Software engineers and managers would do well to learn these concepts and understand why so many projects that run at the heart of the biggest tech companies rely on functional style projects like Apache Spark.

Functional style allows us to separate the “how” of computing resource management from the “what” of a program. It frees us from burdensome and complex multithreading APIs bolted on to languages that are based on a model of a simple computer conceived of in the 1940s.

The functional model is uniquely well-adapted to the data-rich world that we’re entering. It’s an indispensable tool for any software engineer working today.

The Surprisingly Simple Solution for Streaming Data

Previously, I’ve covered why functional programming provides the conceptual foundation for the big-data problems at the heart of software engineering today.

Now, let’s take a look at how these functional concepts have been applied to building a type of big-data data structure called a stream.

What Do We Mean by Stream?

What is a stream, exactly? It’s an ordered sequence of structured events in your data.

These could be actual events, like mouse clicks or page views, or they could be something more abstract, like customer orders, bank transactions, or sensor readings. Typically, though, an event is not a fully rendered view of a large data model but rather something small and measurable that changes over time.

Each event is a point of data, and we expect to get hundreds — or even millions — of these events per second. All of these events taken together in sequence form our stream.

How can we store this kind of data? We could write it to a database table, but if we’re doing millions of row insertions every second, our database will quickly fall over.
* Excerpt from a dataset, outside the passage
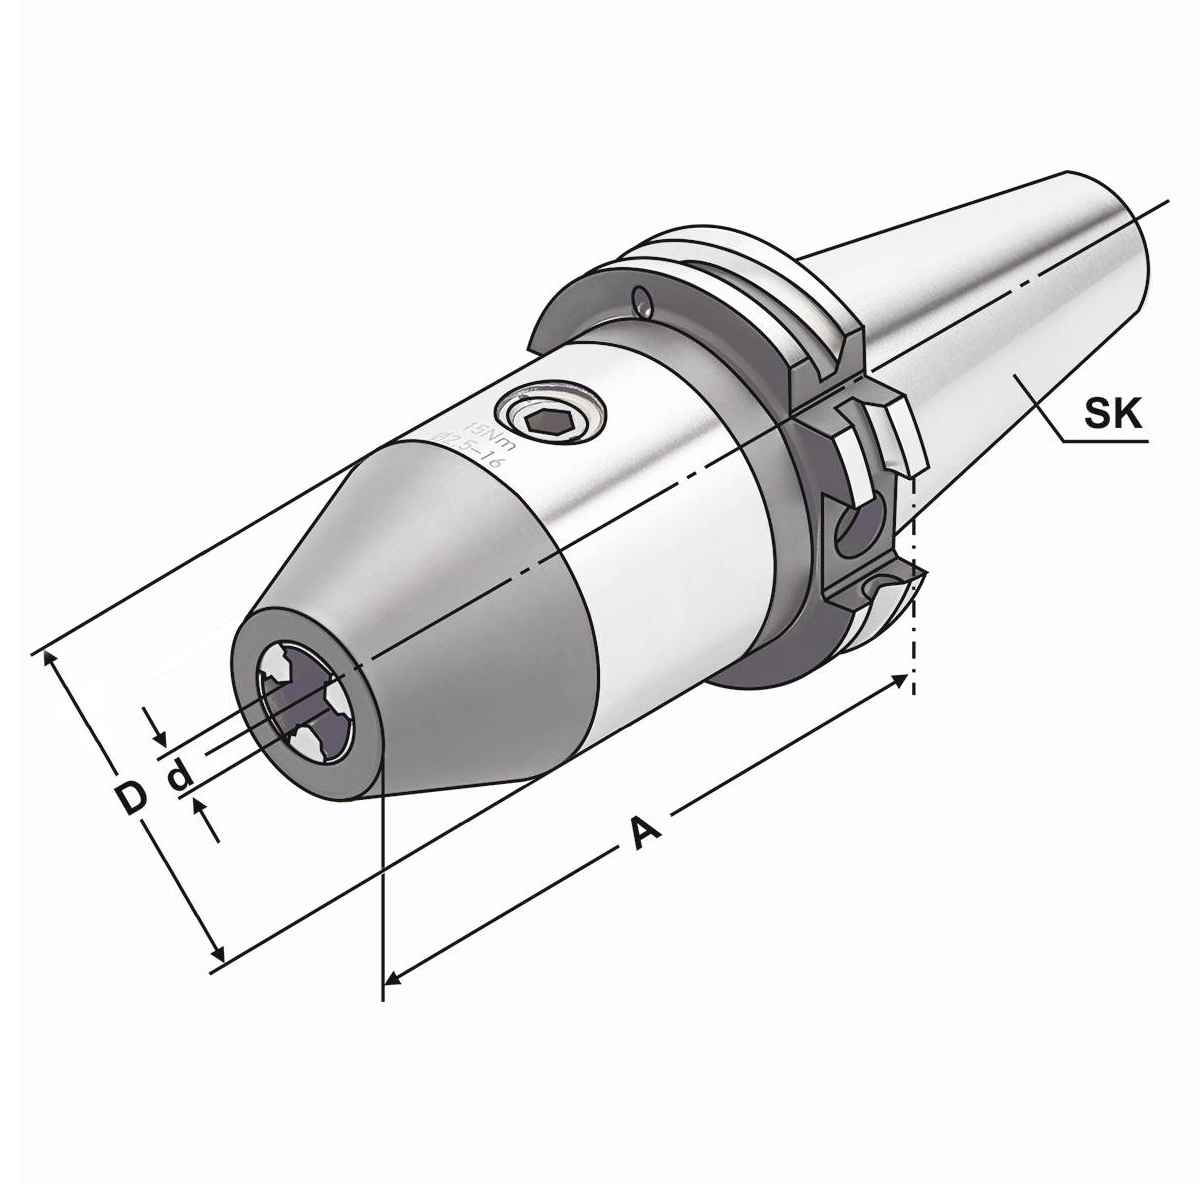 CNC-Bohrfutter SK 30-0/8-70 DIN 69871 AD

So traditional relational databases are out.

Enter the Message Broker

To handle streaming data, we use a special piece of data infrastructure called a message broker.

Message brokers are uniquely adapted to the challenges of event streams. They provide no indexing on data and are designed for quick insertions. On the other end, we can quickly pick up the latest event, look at it, and move on to the next one.
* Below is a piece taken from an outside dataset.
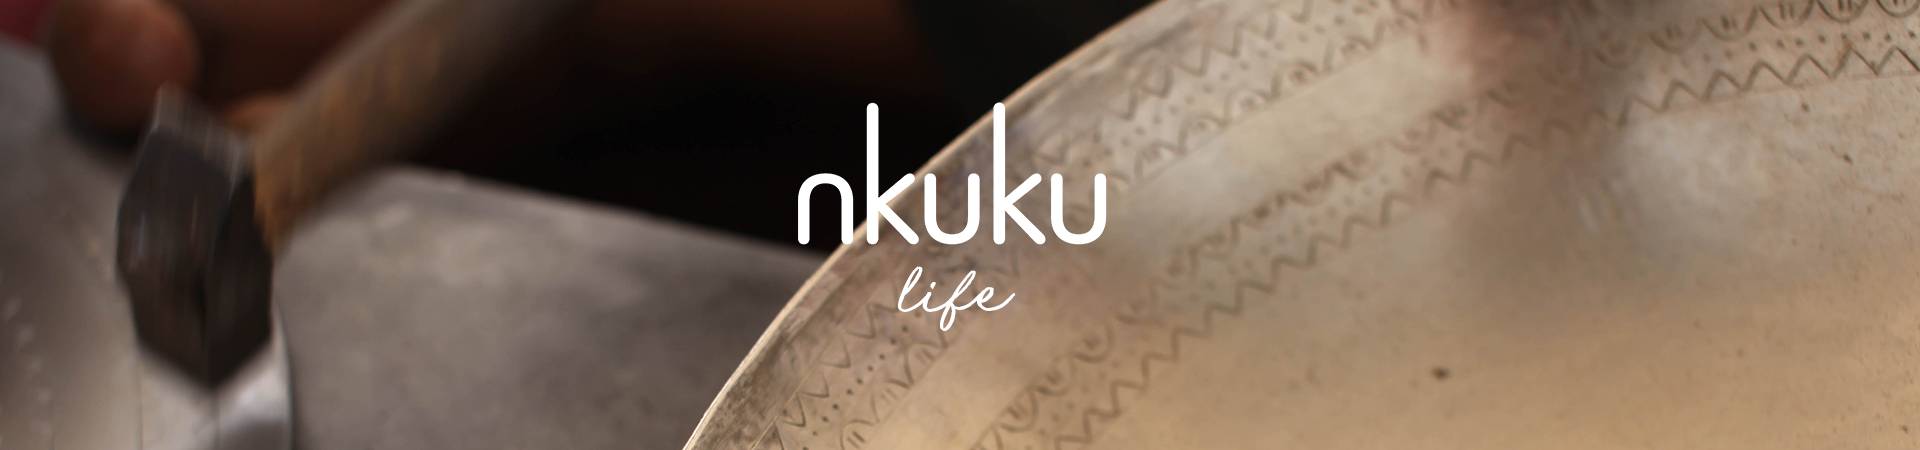 Nkuku-Life_Landing-Page-Header.jpg

The two sides of this system — inserts on the one end and reads on the other — are referred to as the producer and the consumer, respectively.

We’re going to produce data into our stream — and then consume data out of it. You might also recognize this design from its elemental data structure, the queue.

An In-Memory Buffer

So now we know how we’re going to insert and read data. But how is it going to be stored in-between?

One option is to keep it all in memory. An insert would add a new event to an internal queue in memory. A consumer reading data would remove the event from memory. We could then keep a set of pointers to the front and end of the queue.

But memory is expensive, and we don’t always have a lot of it. What happens when we run out of memory? Our message broker will have to go offline, flush its memory to disk, or otherwise interrupt its operation.

An On-Disk Buffer

Another option is to write data to the local disk. You might be accustomed to thinking of the disk as being slow. It certainly can be. But disk access today with modern SSDs or a virtualized disk — like Amazon’s EBS (Elastic Block Store) — is fast enough for our purposes.

Now that our data can scale with the size of the SSD, we can slap on our server. Or even better, if we’re in a cloud provider, we can add a virtualized disk to scale as much as we need.

Aging Out of Data

But wait a minute. We’re going to be shoveling millions of events into our message broker. Aren’t we going to run out of disk space rather quickly?

That’s why we have a time to live (TTL) for the data. Our data will age out of storage. This setting is usually configurable. Let’s say we set it to one hour. Events in our stream will then only be stored for one hour, and after that, they’re gone forever.

Another way of looking at it is to think of the stream on disk as a circular buffer. The message broker only buffers the last hour of data, which means that the consumer of this data has to be at most one hour behind.

Introducing Your New Friend, Apache Kafka

In fact, the system I’ve just described is exactly how Apache Kafka works. Kafka is one of the more popular big-data solutions and the best open-source system for streaming available today.

Here’s how we create a producer and write data to it in Kafka using Java.

Properties properties = new Properties();
properties.put("bootstrap.servers", "localhost:9092");
properties.put("key.serializer", "org.apache.kafka.common.serialization.StringSerializer");
properties.put("value.serializer", "org.apache.kafka.common.serialization.StringSerializer");KafkaProducer kafkaProducer = new KafkaProducer(properties);
kafkaProducer.send(new ProducerRecord("mytopic", 0, "test message")); // Push a message to topic "mytopic"

Now on the other side we have our consumer, which is going to read that message.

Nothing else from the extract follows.